霍望抽回手,眸色一沉:“多呼吸新鲜空气,不能闷着。”
时疏一鼻间溢出一声轻哼,别过脸。
“疏一,”霍望坐在床边,轻轻叫了他一声。没有被鸽的不满,也没有任何责怪,霍望专注地看向时疏一,“一个人生闷气,别人都不知道错哪了,岂不是白白生气?”
时疏一听到这话,微微一愣。
好像,有点子道理?
秉着自己不痛快,霍望也别想痛快的心理。时疏一让霍望递来一杯温水,一边享受他的服务,一边滔滔汩汩地数落他的罪行,把这些天的不满一并发泄出来。
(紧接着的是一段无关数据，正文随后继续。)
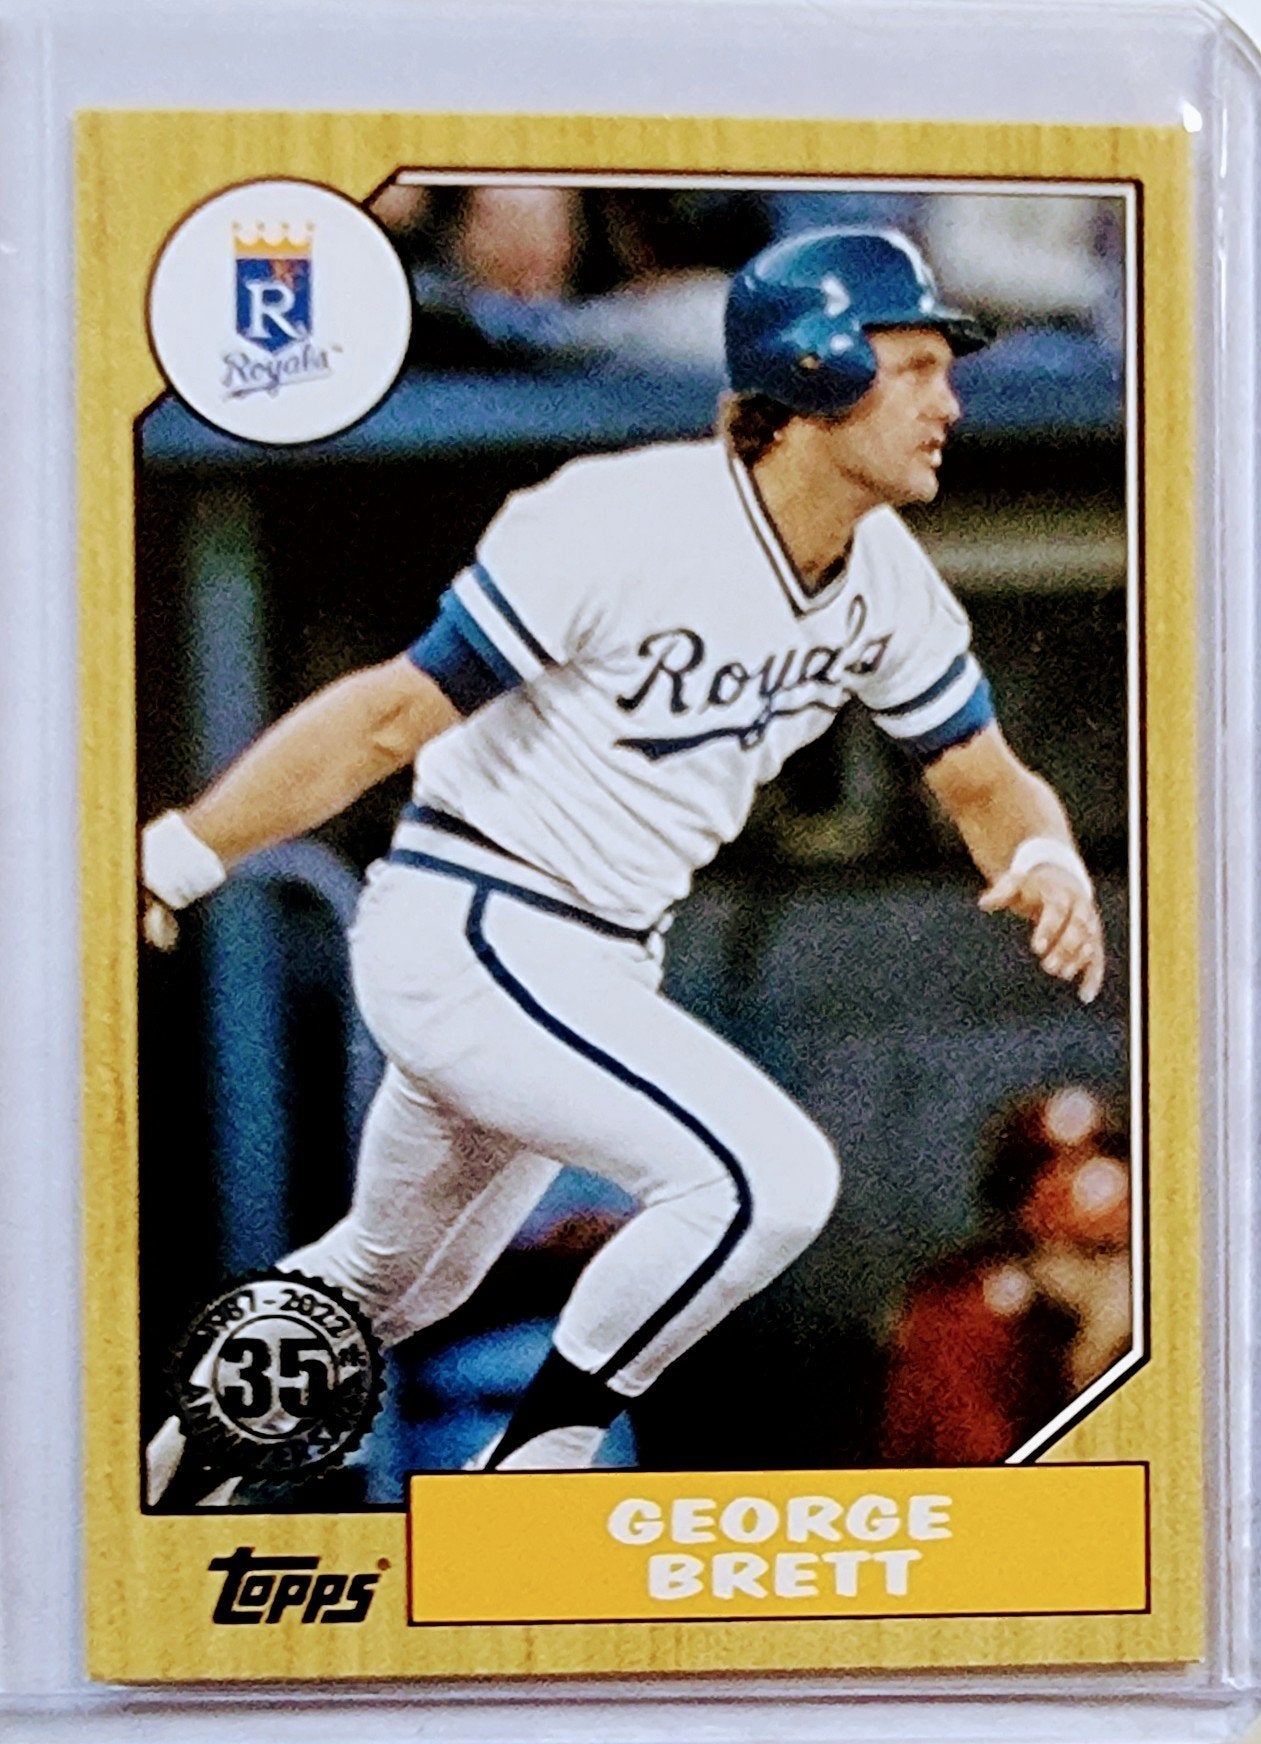 2022 Topps George Brett 1987 35th Anniversary Baseball Card simple Xclusive Collectibles   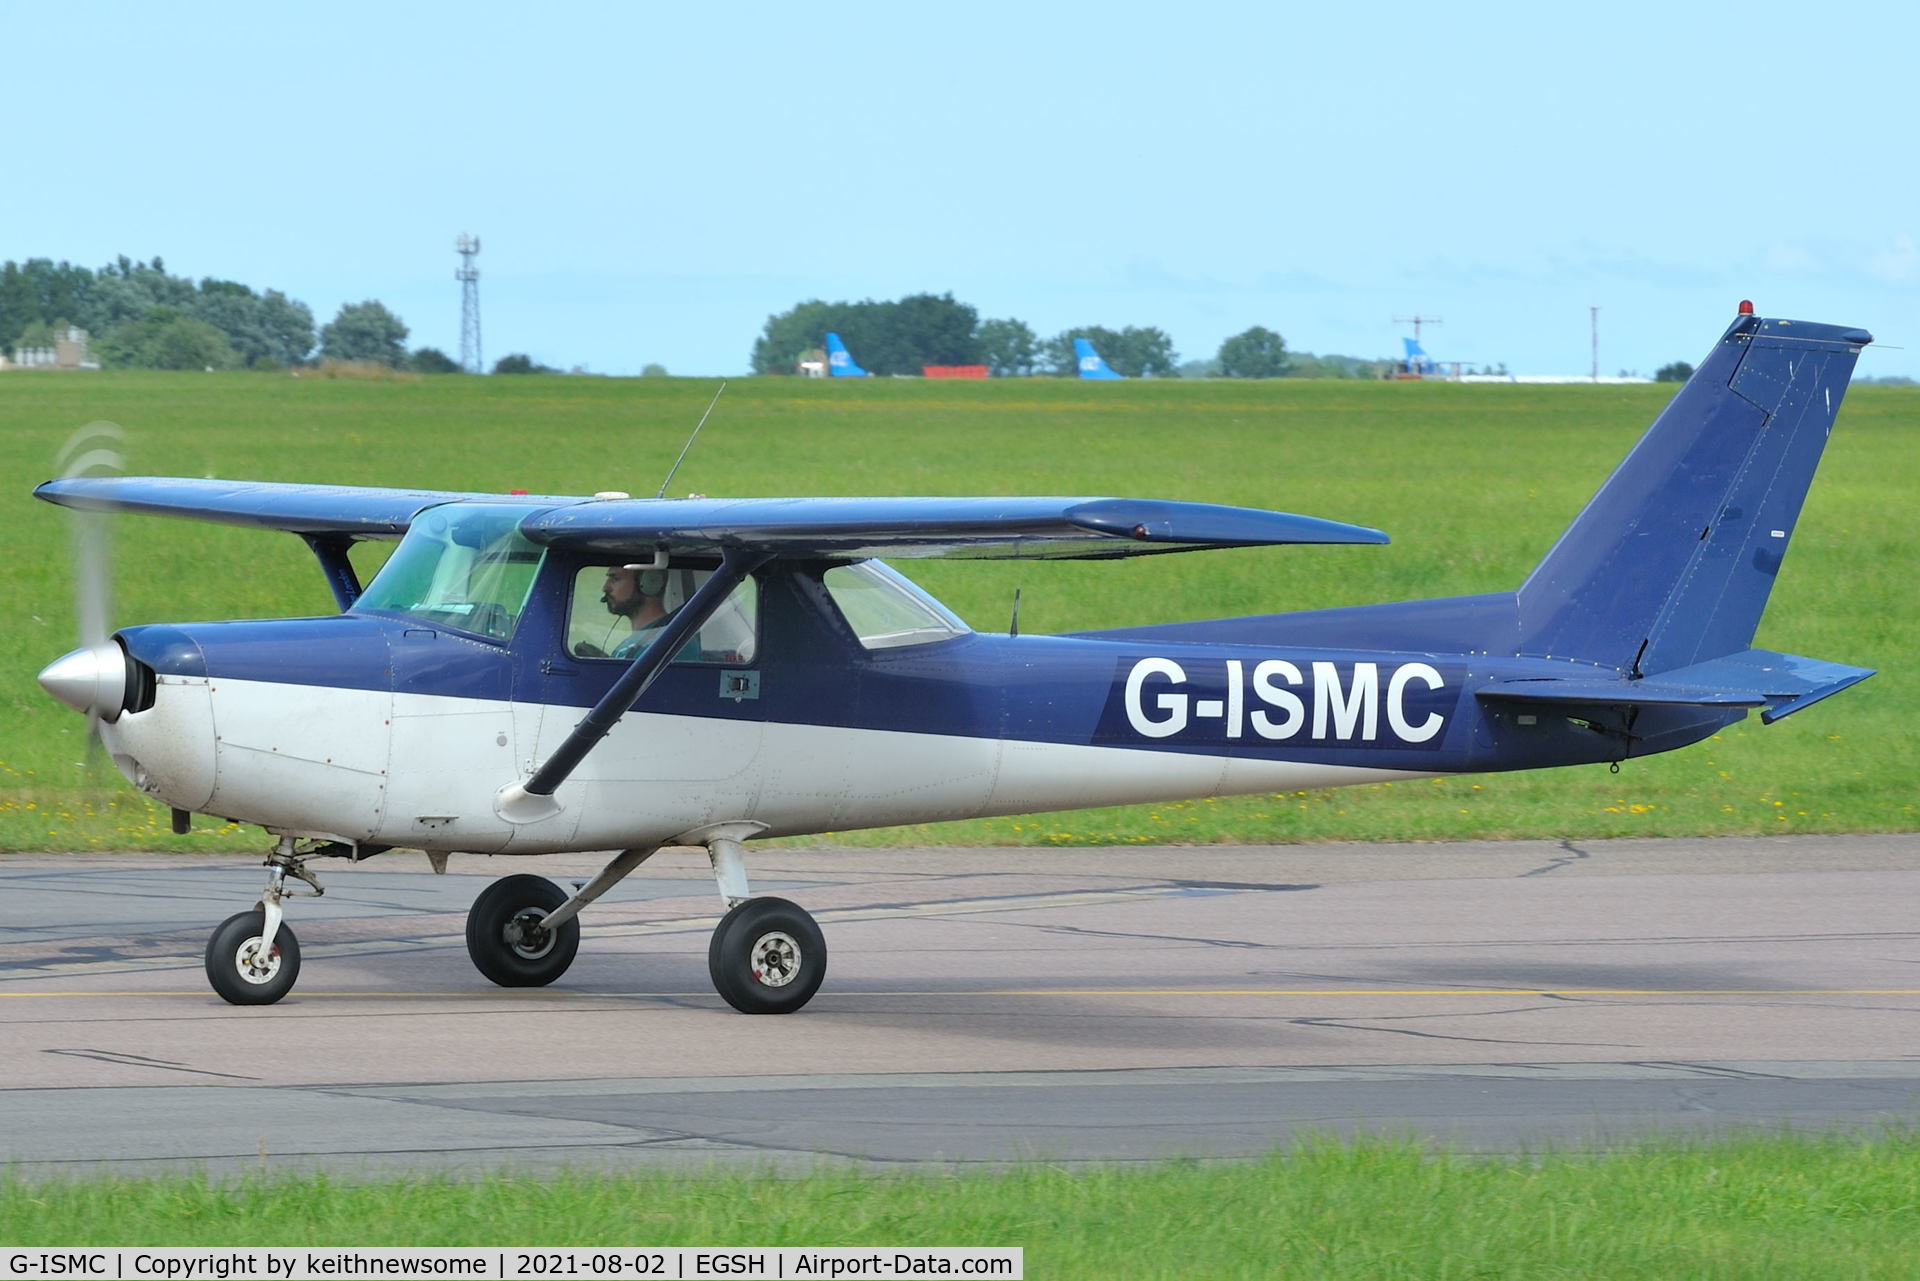 G-ISMC, 1978 Reims F152 C/N 15201468, Arriving at Norwich from Stapleford Tawney.

“出差出得妙啊霍总,知道我帮你试婚服出了多少汗吗?”
“哥们给你帮忙,你无以为报,只能恩将仇报?”
……
霍望全程认真听着,没有任何怨言。
直到时疏一最后一个字尾音落下,霍望攥着他的手,没有解释,态度诚恳地与他道歉:“抱歉疏一,是我的问题,是我考虑不周。”
时疏一:“……”这年头主打一个真诚?
不是,这样道歉还生气倒显得他狭隘了?
时疏一被他一句道歉堵得不上不下,怨气也渐渐消了点。沉默半晌,他小声埋怨:“我知道你也不想结这个劳什子婚,但麻烦你上点心吧,本来就是你的事。我还想静下心画画呢,别成天……”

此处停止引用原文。